And this is really the crux of the problem, AMD insisted on changing the core API, swiftly without proper consideration from a more wider industry consensus, Microsoft quickly gave in and made that change a reality without proper considerations too, then Khronos followed their lead as well, and now we have this current situation, people realizing that this core change only benefited so few, while the rest of the industry gained nothing, only suffering and a vastly worse user experience.

We are in 2023, and the problems DX12 set out to solve became worse, CPU overhead is vastly increased with no visual gains, we struggle with our overpowered CPUs rendering last gen graphics! VRAM consumption is blown out of proportion for last gen graphics! stuttering is increased ten folds for practically the same effects, and performance is worse on both AMD and NVIDIA! AMD didn't gain much from this either, as their performance and features lagged behind NVIDIA, their market share dwindled to the absolute lowest point, and they are a generation behind NVIDIA in ray tracing, machine learning and upscaling. On the other hand, we the users had none of the promised explosion of draw calls (thus rendering more stuff on screen), and none of the promised proper utilization of our hardware, in fact it's the opposite really.

So, the question is, did we waste it all so that one IHV can make their driver life easy?

Khronos wants to penetrate more markets and more developers, that means going back to the way things were, when stuff was just easier, and we got more done by the power of more powerful hardware, instead of the API getting in the way. This will again make things harder for AMD no doubt, but to be honest it won't change things much for them, their problems were never just bad DX11 drivers, they should focus on doing hardware better, not cripple APIs so that their hardware can become a little bit better.
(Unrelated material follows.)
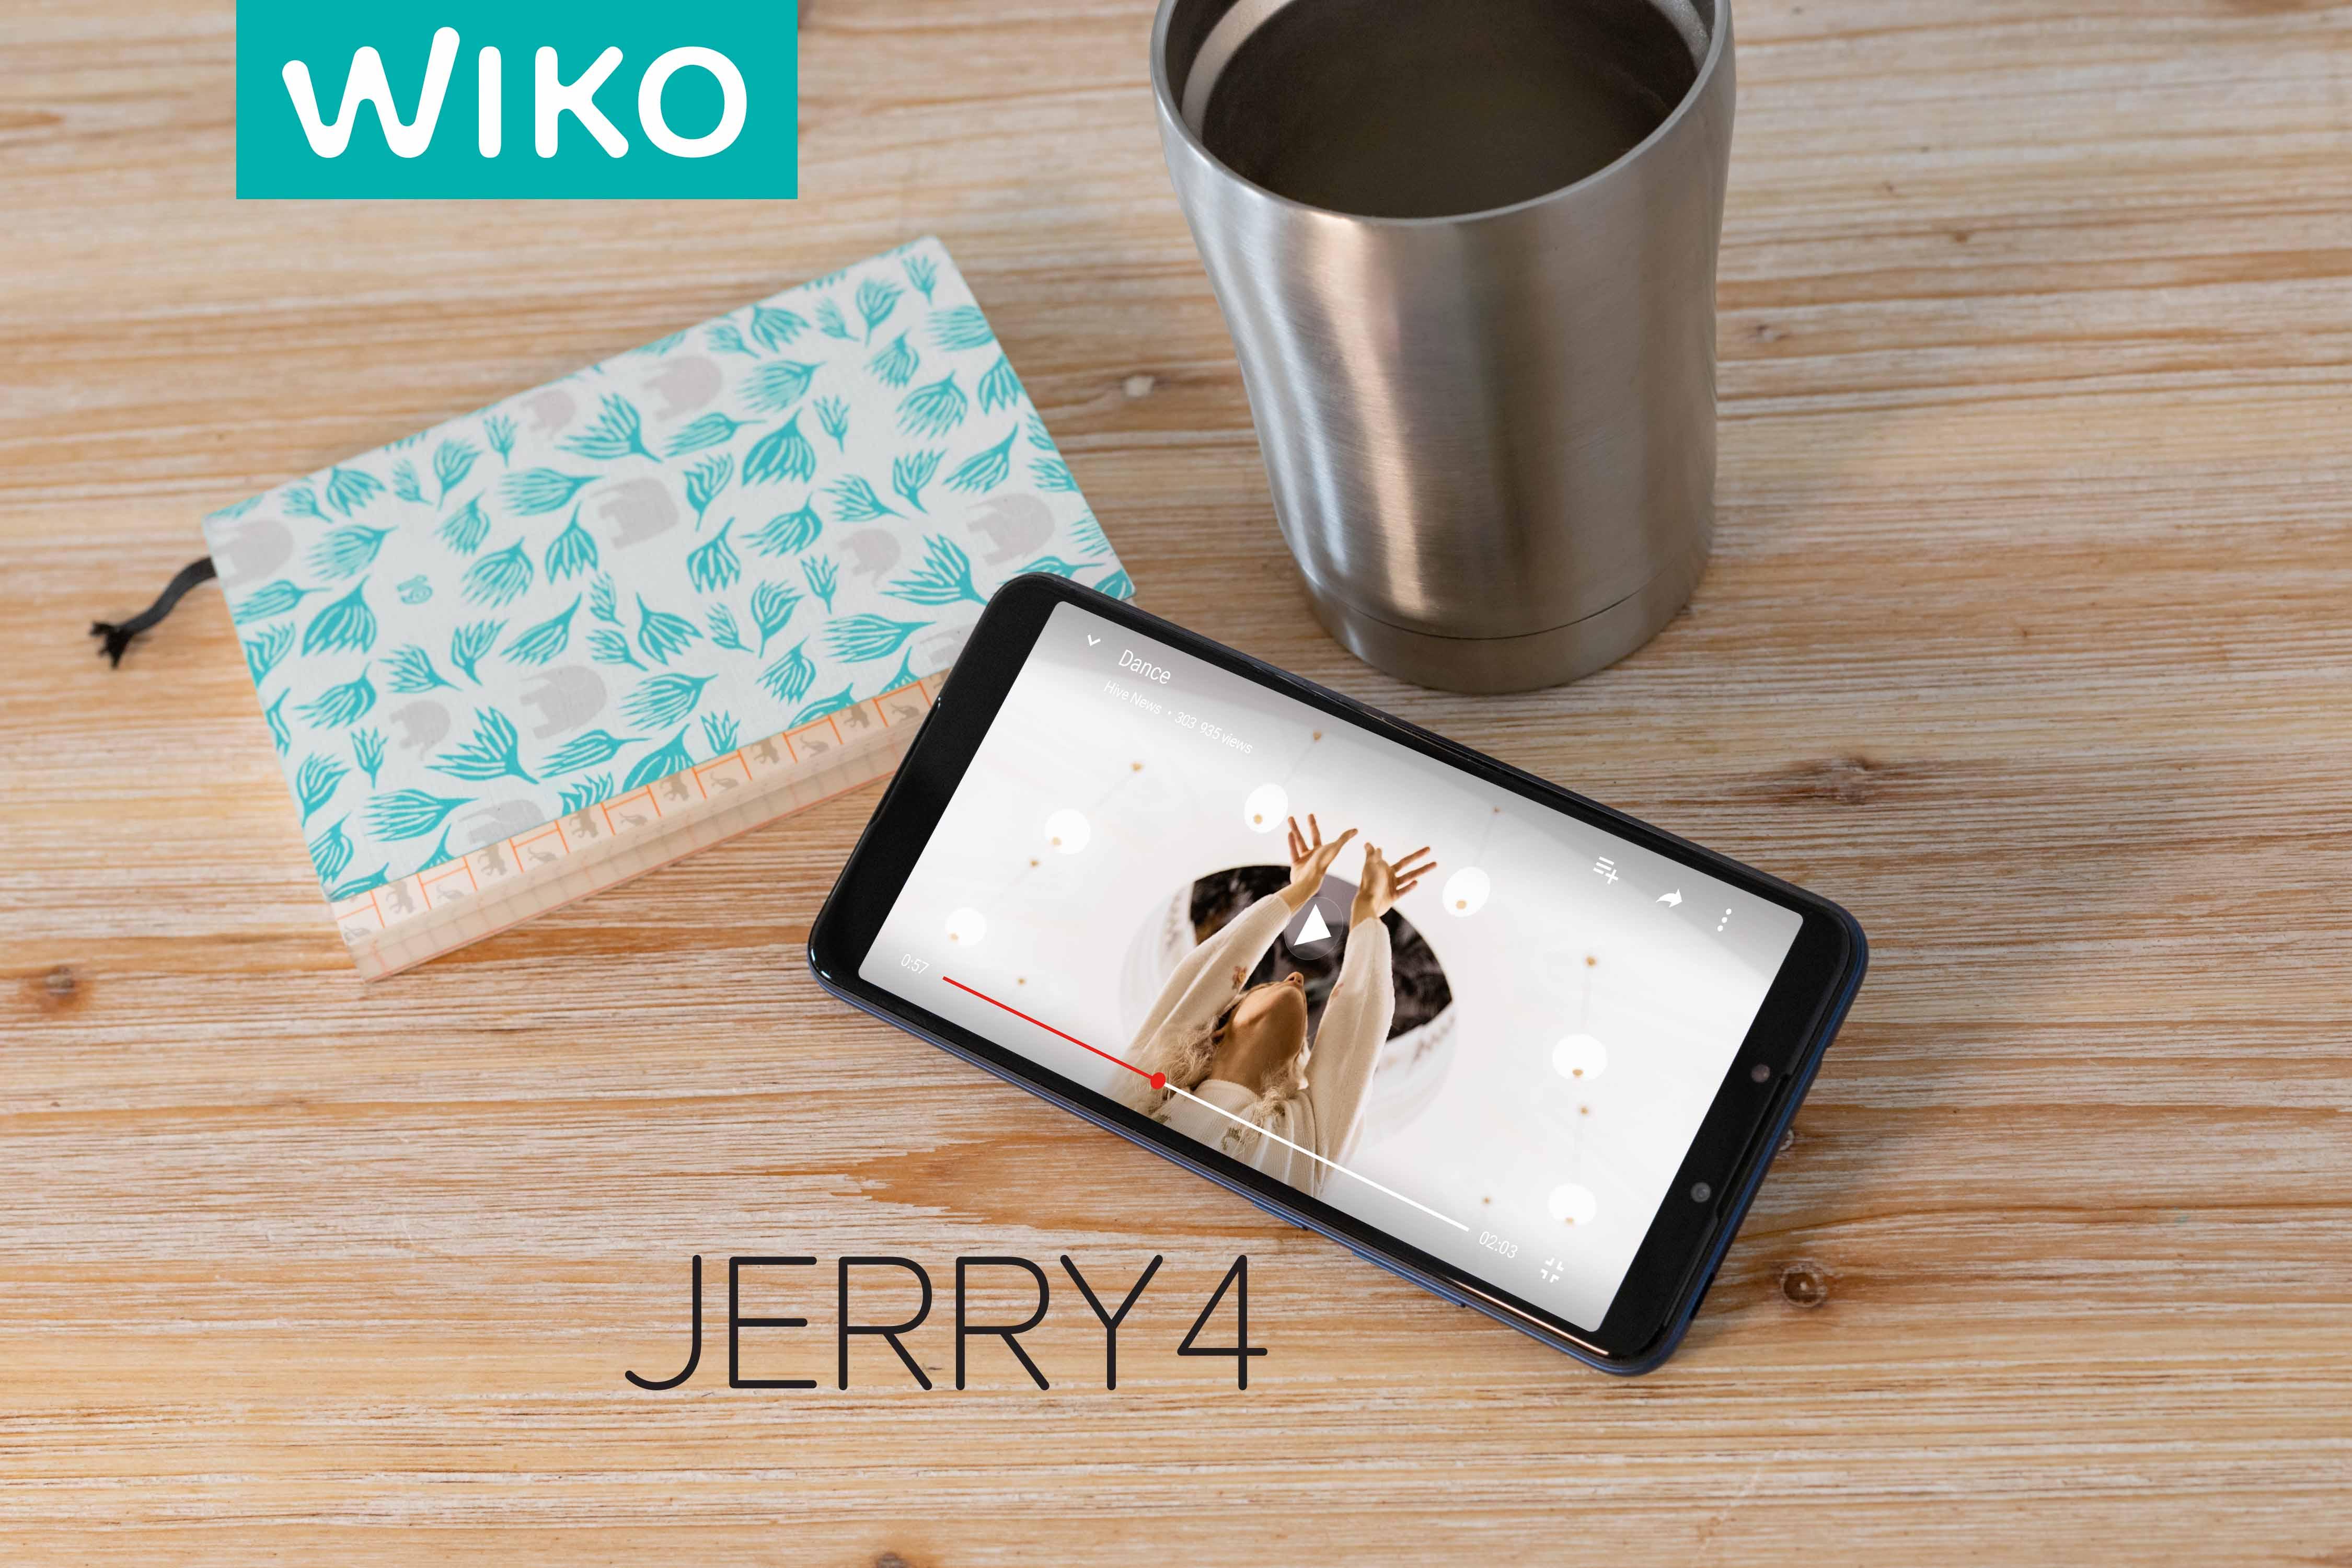 Wiko Jerry 4

https://twitter.com/x/status/1641914617046679555

I say it's time for things to return to the way they were, those who want to do very advanced stuff can stick to the old DX12 paradigm, provided that they handle it's problems better (increased VRAM usage/stutter/increased CPU overhead), they don't get to pick and choose here, they want to go DX12 then they should give it their best shot, cover all corner cases and make sure their code is actually faster and more performant, in short, do a proper job, not a half-assed one with all of the usual suspect problems present. If they can then so be it, if they can't then they should stick to the (new and old) DX11 paradigm, so that all of us can have a better experience.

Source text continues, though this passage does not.